A private limited company is a voluntary association of not less than two and not more than two hundred members, whose liability is limited, the transfer of whose shares is limited to its members and who is not allowed to invite the general public to subscribe to its shares or debentures. Its main features are :-

  • It has an independent legal existence. Companies Act, 2013 contains the provisions regarding the legal formalities for setting up of a private limited company.
  • The liability of its members is limited.
  • The shares allotted to it's members are also not freely transferable between them. These companies are not allowed to invite public to subscribe to its shares and debentures.
  • It enjoys continuity of existence i.e. it continues to exist even if all its members die or desert it.
  • Hence, a private company is preferred by those who wish to take the advantage of limited liability but at the same time desire to keep control over the business within a limited circle and maintain the privacy of their business.

Advantages

  • Continuity of existence
  • Limited liability
  • Less legal restrictions

Disadvantages

  • Shares are not freely transferable
  • Not allowed to invite public to subscribe to its shares
  • Scope for promotional frauds
  • Undemocratic control

A public limited company is a voluntary association of members which is incorporated and, therefore has a separate legal existence and the liability of whose members is limited. Its main features are :-

  • The company has a separate legal existence apart from its members who compose it
  • Its formation, working and its winding up, in fact, all its activities are strictly governed by laws, rules and regulations. Companies Act, 2013 contains the provisions regarding the legal formalities for setting up of a public limited company.
  • A company must have a minimum of seven members but there is no limit as regards the maximum number.
  • The shares of a company are freely transferable and that too without the prior consent of other shareholders or without subsequent notice to the company.
  • The liability of a member of a company is limited to the face value of the shares he owns. Once he has paid the whole of the face value, he has no obligation to contribute anything to pay off the creditors of the company.
  • The shareholders of a company do not have the right to participate in the day-to-day management of the business of a company. This ensures separation of ownership from management. The power of decision making in a company is vested in the Board of Directors, and all policy decisions are taken at the Board level by the majority rule.
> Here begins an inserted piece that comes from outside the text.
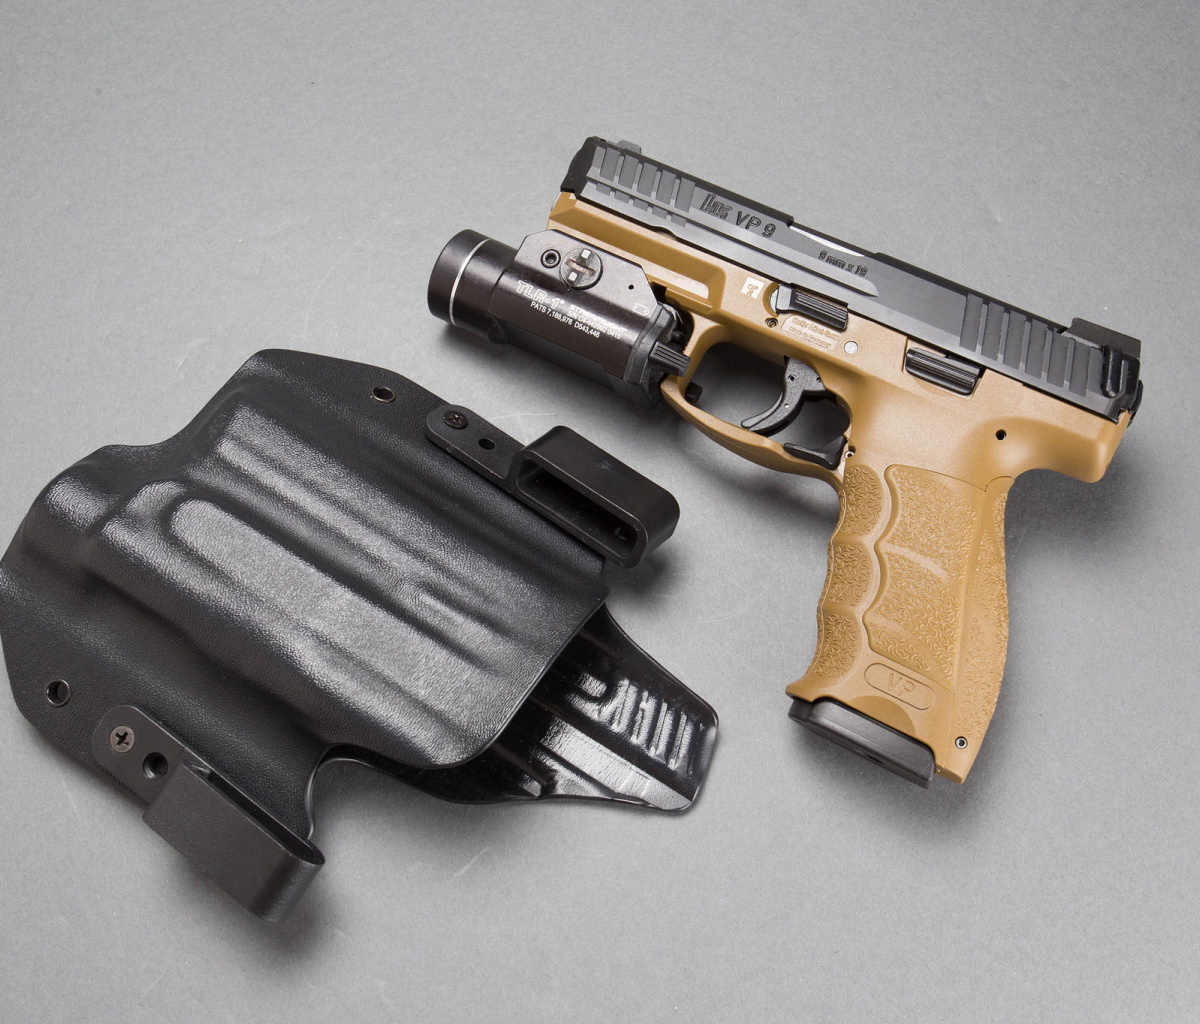 Das Pistols Heckler & Koch 9mm Wallpaper 1200x1024

This ensures a unity of direction in management.
  • As a company is an independent legal person, its existence is not affected by the death, retirement or insolvency of any of its shareholders.

Advantages

  • Continuity of existence
  • Larger amount of capital
  • Unity of direction
  • Efficient management
  • Limited liability

Disadvantages

  • Scope for promotional frauds
  • Undemocratic control
  • Scope for directors for personal profit
  • Subjected to strict regulations

The major difference between Private Limited Company & Limited :

  • In Private Limited Company the shareholders comprise of close group of friends and relatives.
  • A Private Limited company cannot make an offer for public to subscribe its shares. Whereas a Limited Company can give an advertisement and invite general public to subscribe for its shares.
  • Basically a Private Limited company is a corporate version of partnership firm where as a Public Limited company is a full-fledged corporate body.
  • For a Private Limited company minimum 2 shareholders are required whereas for Public Limited Company minimum 7 shareholders are required.
  • A shareholder of a Public Limited company can transfer his shares freely at the stock exchange where the shares are listed whereas in a Private Limited Company a shareholder cannot transfer his shares without the consent of other shareholders.
  • Also shares of the Private Limited company cannot be listed on stock exchanges and hence cannot be traded there like shares of a Public Limited company.